Batch Multivalid Conformal Prediction

Christopher Jung,Georgy Noarov,Ramya Ramalingam,Aaron Roth
2022-09-30
Abstract:We develop fast distribution-free conformal prediction algorithms for obtaining multivalid coverage on exchangeable data in the batch setting. Multivalid coverage guarantees are stronger than marginal coverage guarantees in two ways: (1) They hold even conditional on group membership -- that is, the target coverage level $1-\alpha$ holds conditionally on membership in each of an arbitrary (potentially intersecting) group in a finite collection $\mathcal{G}$ of regions in the feature space. (2) They hold even conditional on the value of the threshold used to produce the prediction set on a given example. In fact multivalid coverage guarantees hold even when conditioning on group membership and threshold value simultaneously. We give two algorithms: both take as input an arbitrary non-conformity score and an arbitrary collection of possibly intersecting groups $\mathcal{G}$, and then can equip arbitrary black-box predictors with prediction sets. Our first algorithm (BatchGCP) is a direct extension of quantile regression, needs to solve only a single convex minimization problem, and produces an estimator which has group-conditional guarantees for each group in $\mathcal{G}$. Our second algorithm (BatchMVP) is iterative, and gives the full guarantees of multivalid conformal prediction: prediction sets that are valid conditionally both on group membership and non-conformity threshold. We evaluate the performance of both of our algorithms in an extensive set of experiments. Code to replicate all of our experiments can be found at <a class="link-external link-https" href="https://github.com/ProgBelarus/BatchMultivalidConformal" rel="external noopener nofollow">this https URL</a>
Machine Learning,Statistics Theory
What problem does this paper attempt to address?

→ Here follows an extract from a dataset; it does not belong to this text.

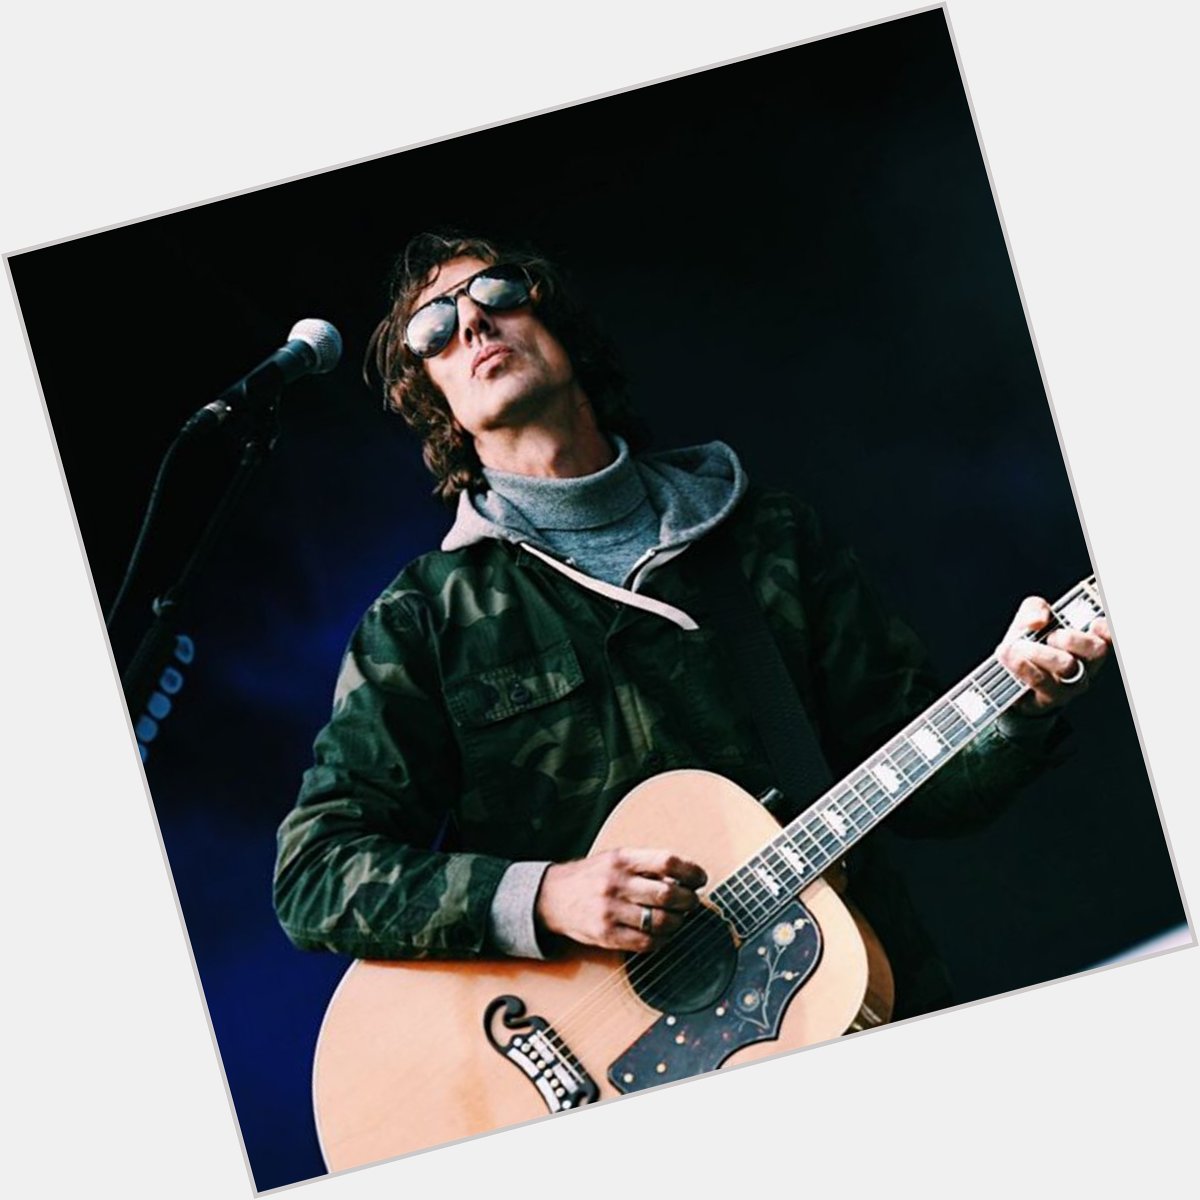 A very happy birthday to the legendary voice behind The Verve, Richard Ashcroft! 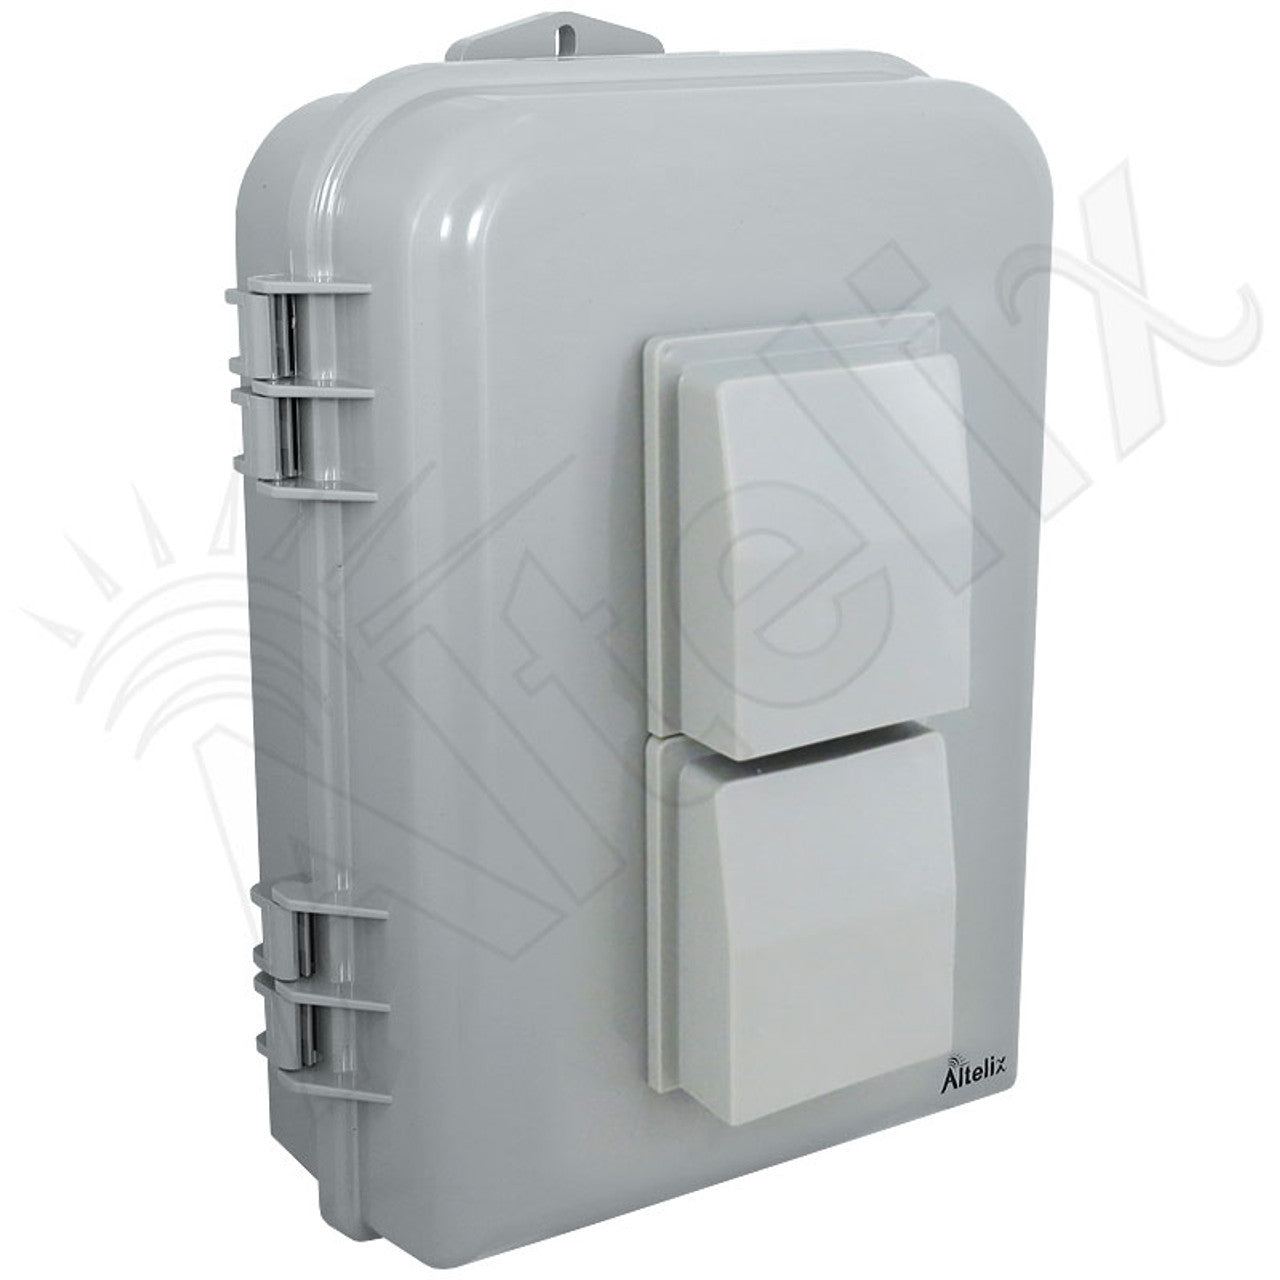 Buy gray Altelix 15x10x5 Polycarbonate + ABS Vented Weatherproof Enclosure with Aluminum Mounting Plate, 120 VAC Outlet &amp; Power Cord

The problem that this paper attempts to solve is how to obtain multivalid coverage guarantees on the exchanged data in the batch setting. Multivalid coverage guarantees are stronger than marginal coverage guarantees, which are specifically reflected in two aspects: 1. **Conditioned on group members**: Even when conditioned on group members, the target coverage rate \(1 - \alpha\) still holds. That is, for each region in any finite set \(G\) in the feature space, the target coverage rate \(1 - \alpha\) still holds when conditioned on the members belonging to these regions. 2. **Conditioned on thresholds**: Even when conditioned on the thresholds used to generate prediction sets, the target coverage rate \(1 - \alpha\) still holds. In fact, multivalid coverage guarantees still hold even when simultaneously conditioned on group members and thresholds. To achieve this goal, the paper proposes two algorithms: 1. **BatchGCP**: This is a method that directly extends quantile regression. It only needs to solve a convex optimization problem to generate prediction sets with group - conditional guarantees. 2. **BatchMVP**: This is an iterative algorithm that can provide complete multivalid coverage guarantees, that is, the prediction sets are valid when conditioned on group members and non - conformity thresholds. Both of these algorithms can combine any black - box predictor with prediction sets, thereby providing stronger coverage guarantees in the batch setting. The paper evaluates the performance of these two algorithms through extensive experiments and provides code to reproduce the experimental results.